Lo poco que queda de nosotros. IV. Novela.

La niña calva se dio vuelta en seco en la esquina de Cerrito y Avenida De Mayo.
De repente, ciertas tardes de su pasado flotaban delante suyo. Memorias visuales tan claras como las escaras que volaban su alrededor. Su padre afirmando que en el realidad no tenía nada en el cerebro. Su madre dándole la razón cuando él decía que sus ataques de ira eran el ejemplo más claro de que estaba poseída. Cuando las tomografías detectaron el tumor su familia seguía afirmando lo mismo. Por lo que tenía en la cabeza cada tanto tenía ataques de epilepsia. No la comprendían.

Delante de ella, en vez de los edificios modernistas de la avenida apareció una iglesia de estilo neogótico. Su padre la llevaba los domingos a la Feria de los Pájaros. Pero si ella se empecinaba con algún pez cuyo color le había gustado a su padre le daba por llevarla a la iglesia que estaba cerca.

Se vio a sí misma traspasar la puerta de madera de la mano de su padre. Ella llevaba una bolsa transparente con un cabeza de león, un pez con una cresta roja llamativa. Su padre la arrastró de la mano hasta el altar dorado de la virgen y pidió a los gritos que la estatua ahuyentara el demonio del corazón de su hija. ¿Cómo podía ser que no se contentara con nada? Ni siquiera con un cabeza de león.

La niña calva, que en el recuerdo tenía pelo corto rozando la nuca, negó con la cabeza, mientras la poca humedad que retenía su cuerpo empezó a rasparle el pecho para acumularse en sus ojos y deslizarse al exterior. Una escara voló hasta pegarse en su mejilla mojada.

Se dio vuelta para apartar de su mente esas memorias.

Quedó mirando hacia Cerrito, el mural de Evita hablándole a un micrófono de metal. La calle se iba haciendo más angosta hasta bifurcarse en la autopista y Lima. La sombra del árbol gigante saludaba a los que se alejaban o entraban a la capital.

Al darse vuelta, la niña calva descubrió a un mosquito que la venía persiguiendo desde que el hombre de bufanda se había estrellado contra el edificio. El mosquito retrocedió ante su mirada. Cerca, había una caja de pizza atada con hilo.  La niña calva, mientras el hombre de bata la observaba como si estuviera loca, cortó el hilo.
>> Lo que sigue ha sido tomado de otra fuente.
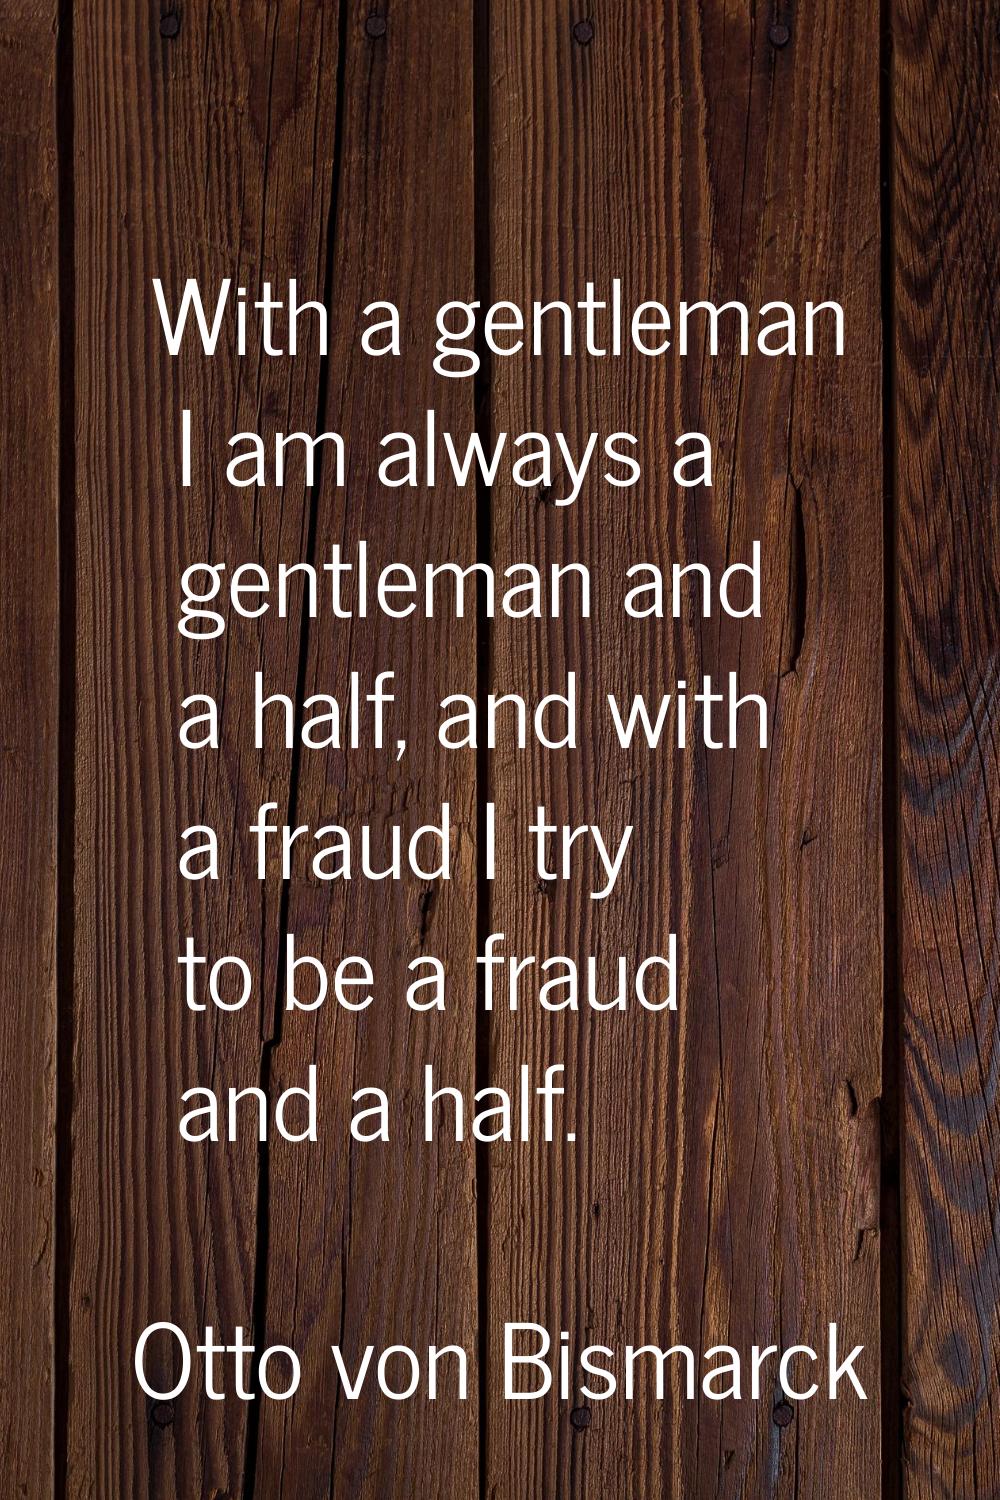 With a gentleman I am always a gentleman and a half, and with a fraud I try to be a fraud and a hal

Luego extendió la palma de su mano a noventa grados de su muñeca. El mosquito, de mayor tamaño que la mano de la niña, voló dando vueltas alrededor. Se acercó y apoyó una de sus patas en un dedo.

Dudó y volvió a volar.

Correte, dijo el hombre de bata. Estaba apuntando con su pistola al mosquito.

No, si quiere picarme ya lo hubiera hecho. Dejame, contestó sin mirarlo la niña calva.
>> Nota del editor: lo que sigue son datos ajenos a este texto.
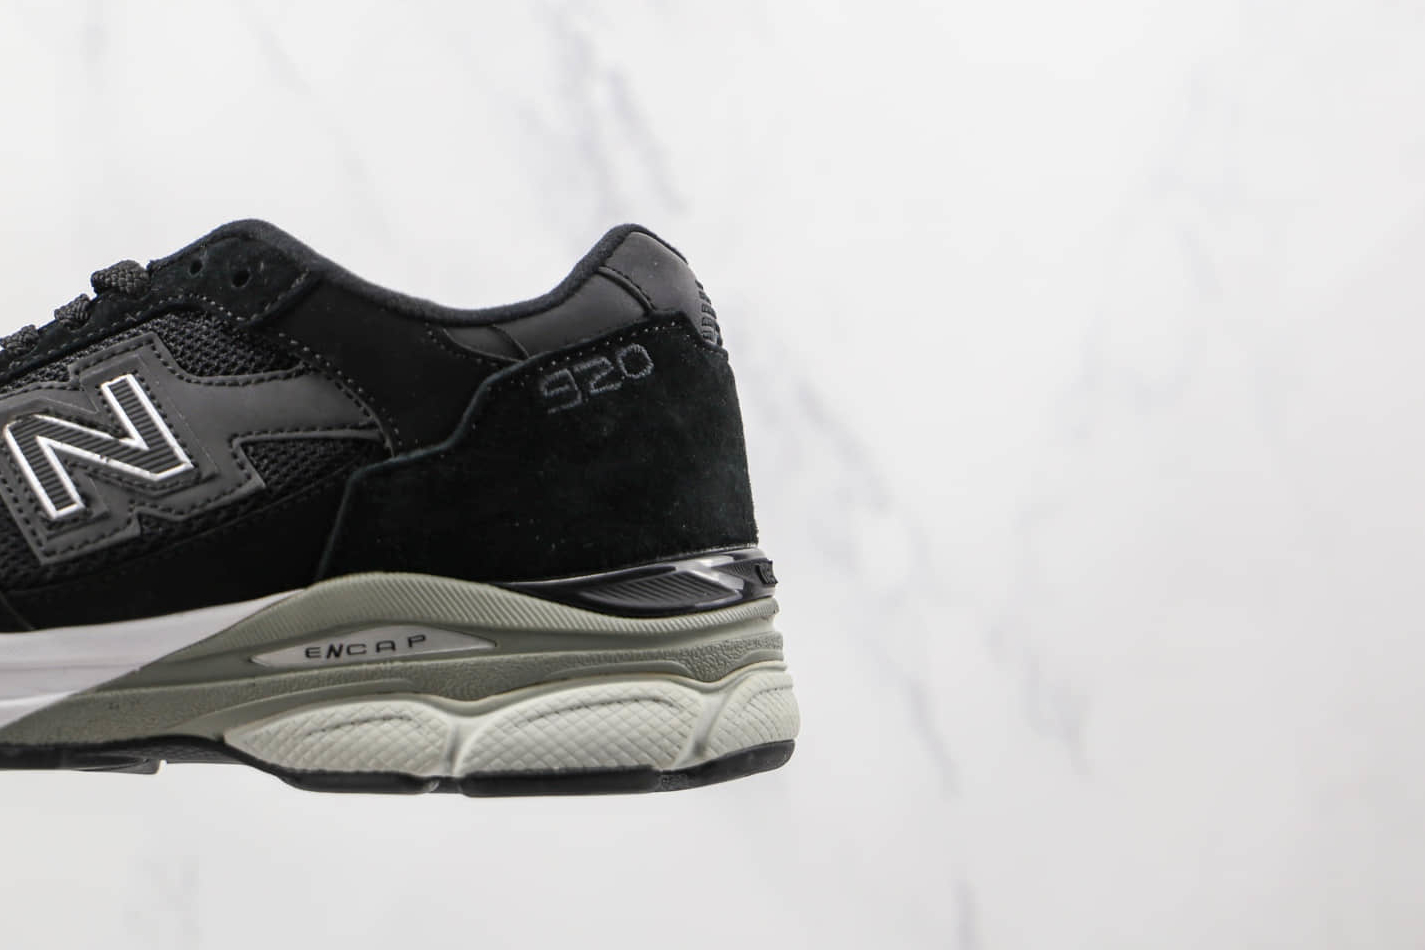 New Balance 920 Black M920KR - Sleek Style and Comfort for Any Occasion

Llevó un dedo a su boca y lo mordió. Brotó sangre. El mosquito aterrizó sobre la palma de su mano, extrajo su aguijón, y sin tocar la piel de la niña hizo desaparecer la sangre subiéndola a través de su sorbete orgánico. Luego se quedó en la palma de la mano de la niña, alternando sus patas traseras, acomodándose como un gato en una manta. La niña calva aprovechó para atar una de las patas del mosquito al hilo y se dio vuelta, avanzando dos pasos.

Siempre quise tener un perro y nunca me dejaron.

Estás loca.

Poseída decía que estaban, loca no. Viste que no me atacó.
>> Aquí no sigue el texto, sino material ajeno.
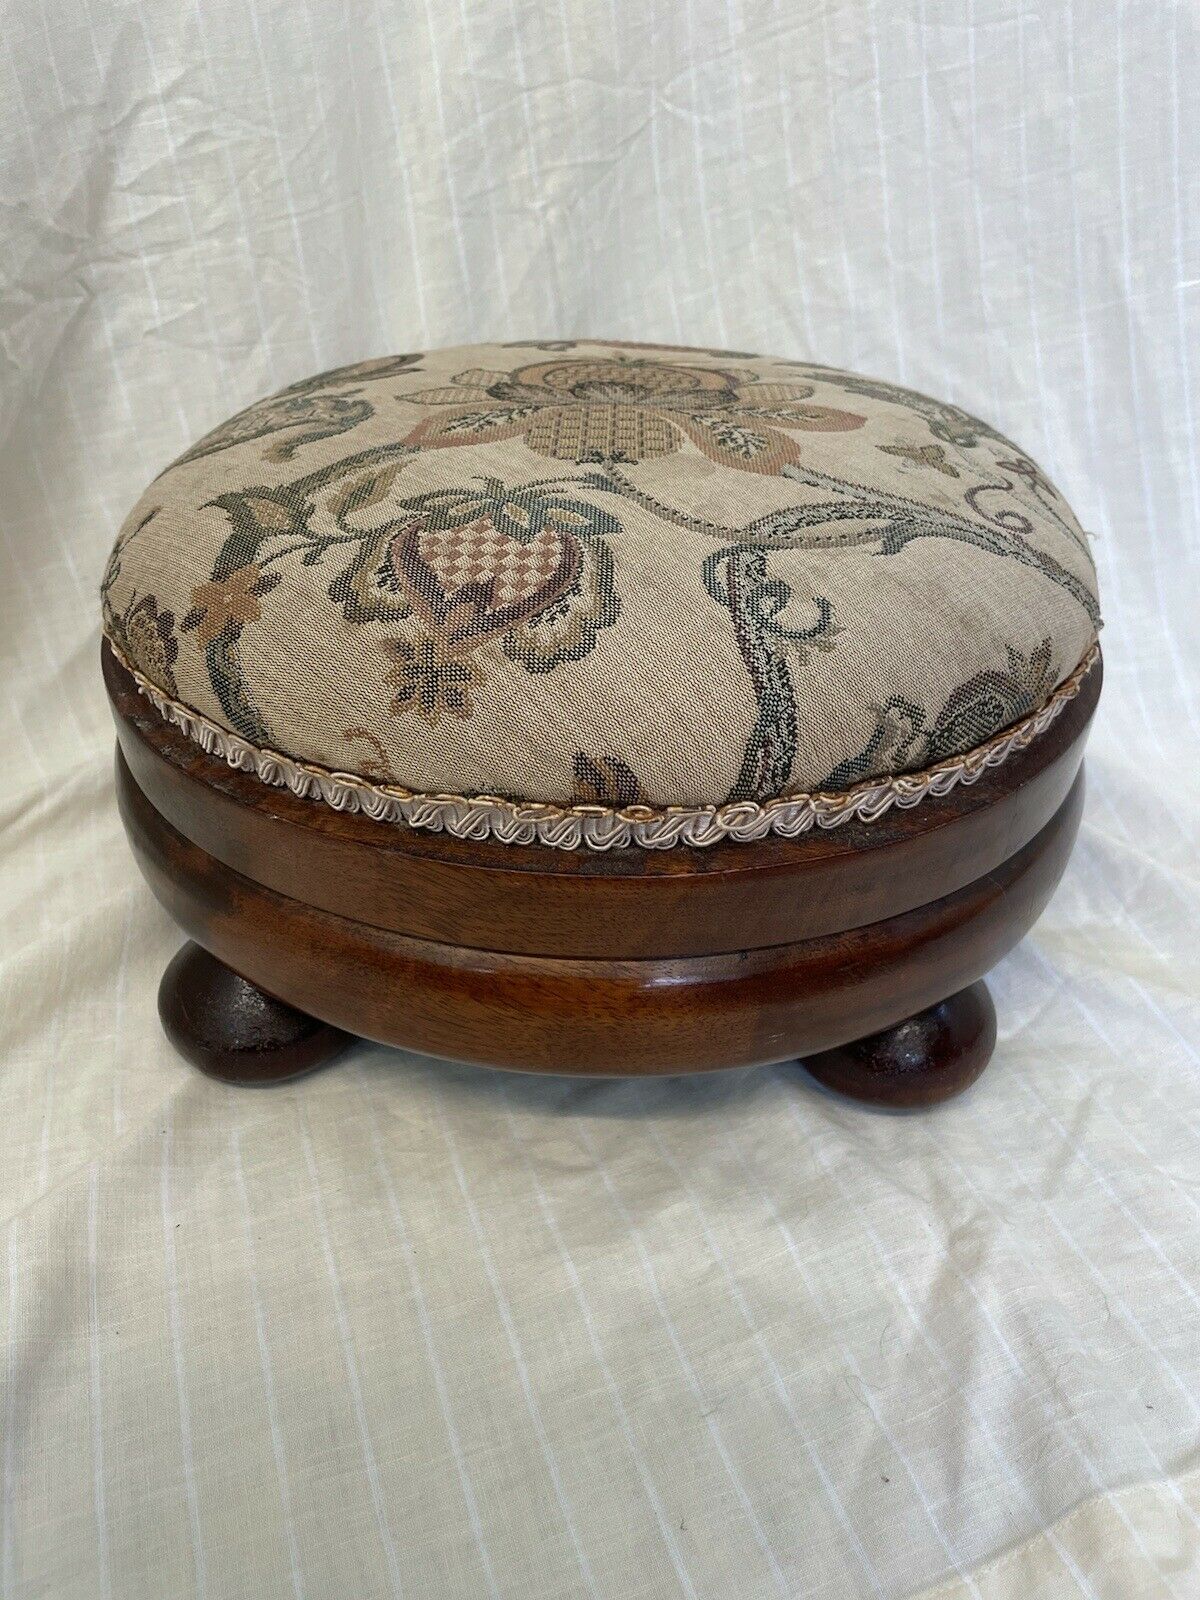 Antique Valuations: Vintage Antique Needle Stitch foot Stool Embroidery Rest Stool Tapestry.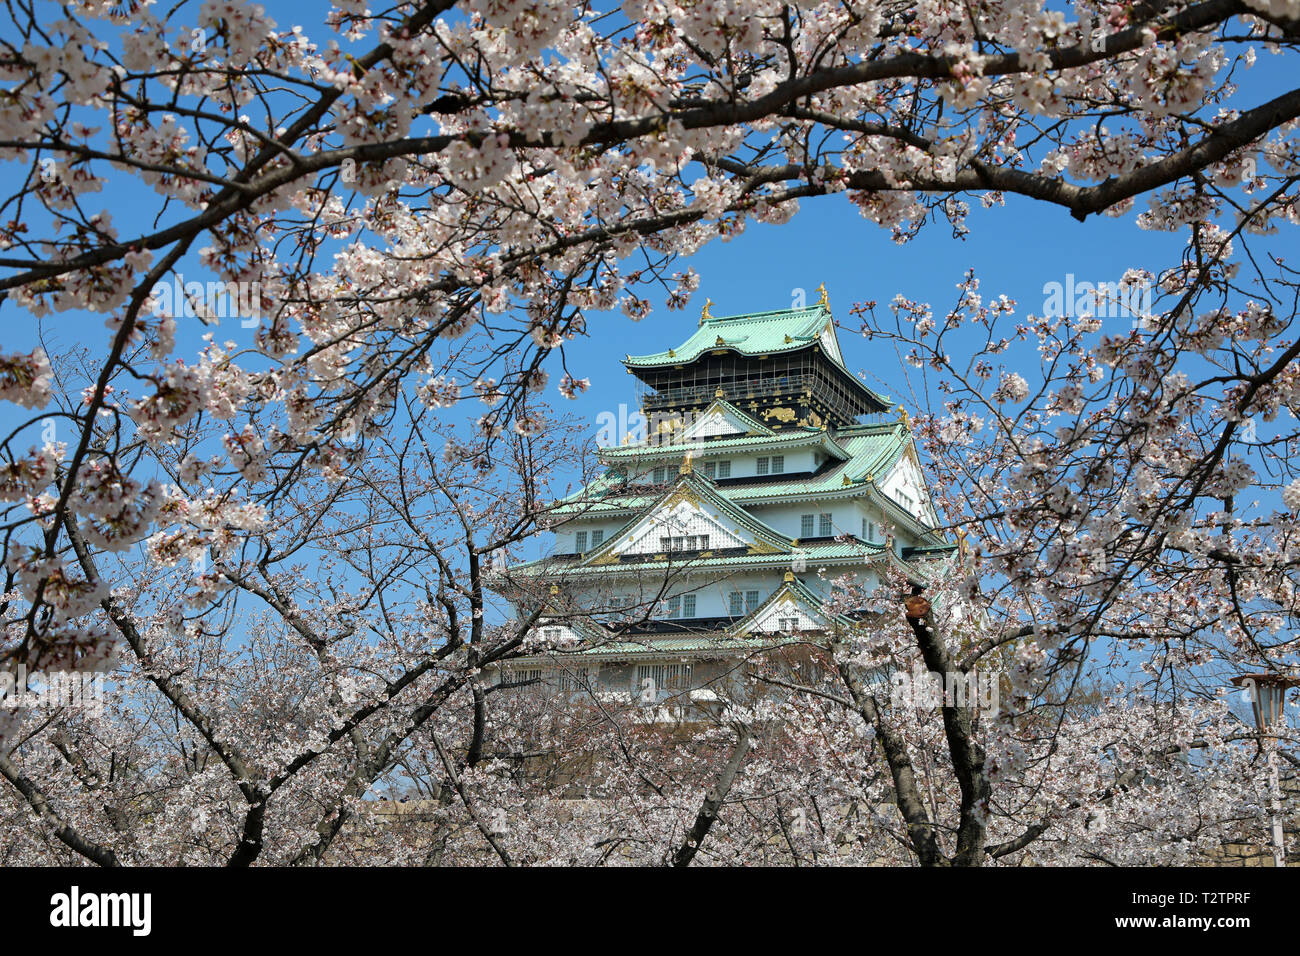 Osaka, Japan. 4th Apr, 2019. Osaka Castle seen through the branches of flowering cherry trees during Cherry Blossom season, Osaka, Japan Credit: Paul Brown/Alamy Live News Stock Photo

Siguió caminando delante del hombre de bata. El mosquito, como un pequeño barrilete, iba volando a sus espaldas. Mantenía distancia. Cuando la niña calva se detenía el mosquito se posaba en algún tacho de basura o absorbía la sangre de algún animal muerto; palomas o ratas.

El hombre de bata estaba asombrado porque había tan pocas personas en la calle. ¿Dónde estaba toda la gente? Se acercó a un tipo con saco y portafolio que se había quedado parado observando un escaparate de una tienda de fundas de celulares. Tenía el pantalón muy abultado en el trasero. Como si fuera una bolsa.

Lo era. Se había cagado encima todo lo que pudo. Respiraba todavía y su piel estaba cuarteada y enrojecida por la falta de hidratación. Las uñas de sus manos estaban tan largas que parecía un vampiro. El hombre de bata lo observó mejor.

El hombre de portafolio tenía la boca abierta. Cada tanto una mosca se posaba en su mejilla, luego se metía en su boca.  En ese momento el hombre de portafolio cerraba su boca y tragaba. Así era como sobrevivían sin moverse, sin reaccionar, atrapados en los últimos actos antes de que su cerebros se hubieran desconectado casi completamente de sus instintos de supervivencia. El sombrero del hombre de portafolio estaba aplastado cerca. El hombre de bata le dio un puntapié como si volviera a jugar al fútbol. Pero esta vez en un estadio vacío.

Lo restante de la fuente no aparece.